Adam Brown on deployment in Afghanistan with a group of local children. Photo courtesy of the Brown family

Author tells story of tenacity and courage in new book

CARDIFF-BY-THE-SEA — New York Times bestselling author Eric Blehm’s recently released book, “Fearless: The Undaunted Courage and Ultimate Sacrifice of Navy SEAL Team SIX Operator Adam Brown,” recounts the often tumultuous life and tragic death of Navy SEAL Adam Brown. Blehm’s previous book, “The Only Thing Worth Dying For” also landed on the New York Times best seller’s list.

Adding to a cannon of combat literature, “Fearless” features not only rare glimpses into the lives of elite military but also one man’s life path that prepared him for who he eventually became.

“The book really brought Adam to life,” Blehm said in an interview just after the Memorial Day release of “Fearless.”

“It’s a story of a hero who rose up from rock bottom. I think those are the most inspirational. His story is unique.”

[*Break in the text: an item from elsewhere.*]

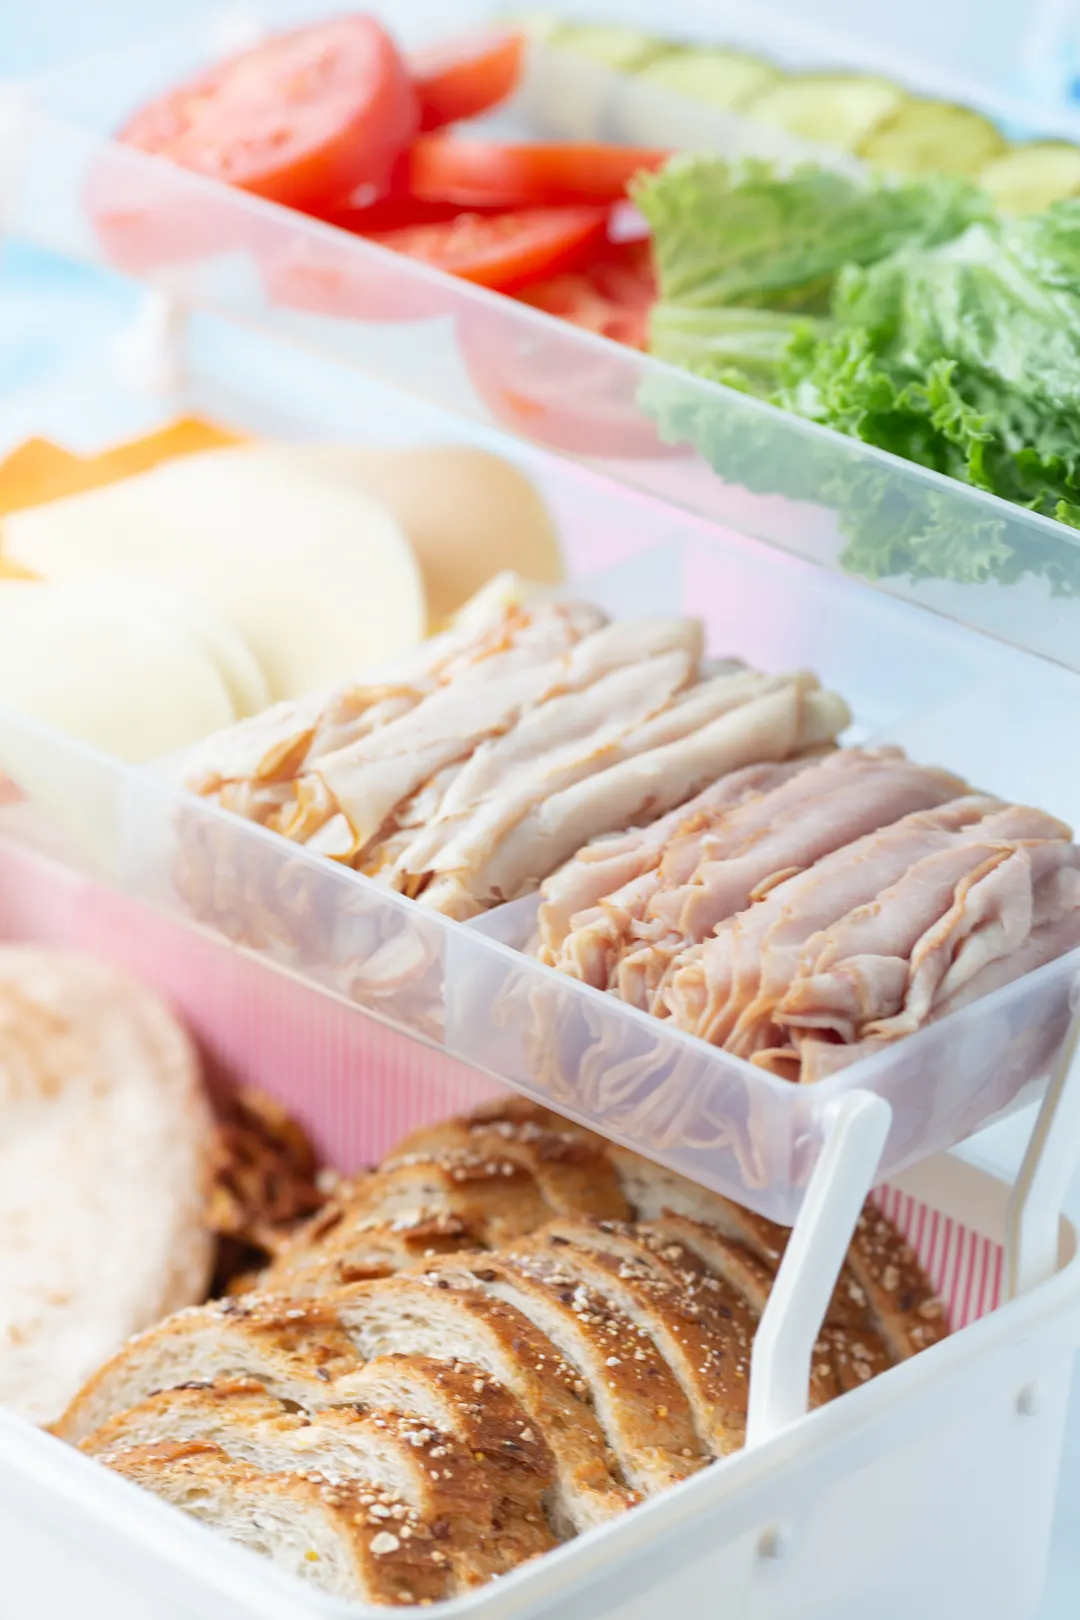 view inside of a Sandwich Tackle Box to showcase sandwich fixings including bread slices, lunch meats, sliced cheeses and vegetables.a

Indeed, Brown’s rise from the depths of drug addiction to become a Navy Seal Team Six Operator, the same unit that brought down Osama bin Laden shows the tenacity, humility and courage required to earn the badge of a modern day warrior. “Adam’s story shows you can rise above your darkest hour. There is a way out of that dark hole,” Blehm said.

“We were worried,” Brown’s father, Larry said. “When you see how far down people can go with an addiction-under bridges, destitute-I say there but for the grace of God is Adam.”

Touted as “the intimate story of a devoted man who was an unlikely hero but a true warrior described by all who knew him as fearless,” the book appeals to a wide audience.

According to Larry, the story has touched the lives of many. “We are pleased we can see where Adam has impacted people,” he said. “People have told me that after reading the book, they want to be a better father, a better son.” Larry choked up as he recalled a close friend who revealed that he husband was transformed after reading “Fearless.” “It’s gratifying in a way to know that he’s still helping people.”

Blehm said the obstacles Brown had to overcome would have been insurmountable for most people. “He shows amazing character throughout every challenge,” he said.

His determination was legendary, as many friends and family members recount in the book Brown’s dogged attitude to succeed.

“Adam hated to disappoint people,” he said. “Much of his desire to achieve came from wanting to make us proud,” Larry said.

During Brown’s darkest hours, his parents turned to the church for inspiration. “I was raised in a Christian home,” Larry said. “But I knew I had not been faithful, I had not been the spiritual leader of my family.” He and his wife, Janice, became members of a local church and began a journey of faith that has carried them through the tragedy of their son’s death.

Knowing that his son was also a believer gives Larry strength and hope. “Adam came to a realization when he was in jail (prior to joining the military) and he accepted Christ,” Larry said. “I know that we will all be together again one day,” he said. “That faith helps sustain us.”

“He was very concerned with knowing where God was going to lead him. He wanted to fulfill his purpose in life and to do what God wanted him to do,” Larry recalled.

“That was what our last conversation was about,” Larry said.

One week before his final deployment, Brown told his father it would be his last. “He said he wanted to pray with me about it. He wanted God to show him what he should do next.”

“Adam told me he knew this was where God wanted him to be, even after so many disappointments, he knew there was a purpose,” Larry said.

On March 17, 2010, Brown died during a gunfight with insurgents in the Hindu Kush Mountains of Afghanistan. He left behind his wife, Kelly, and their two young children, who refer to the day of his passing as “St. Daddy’s Day.”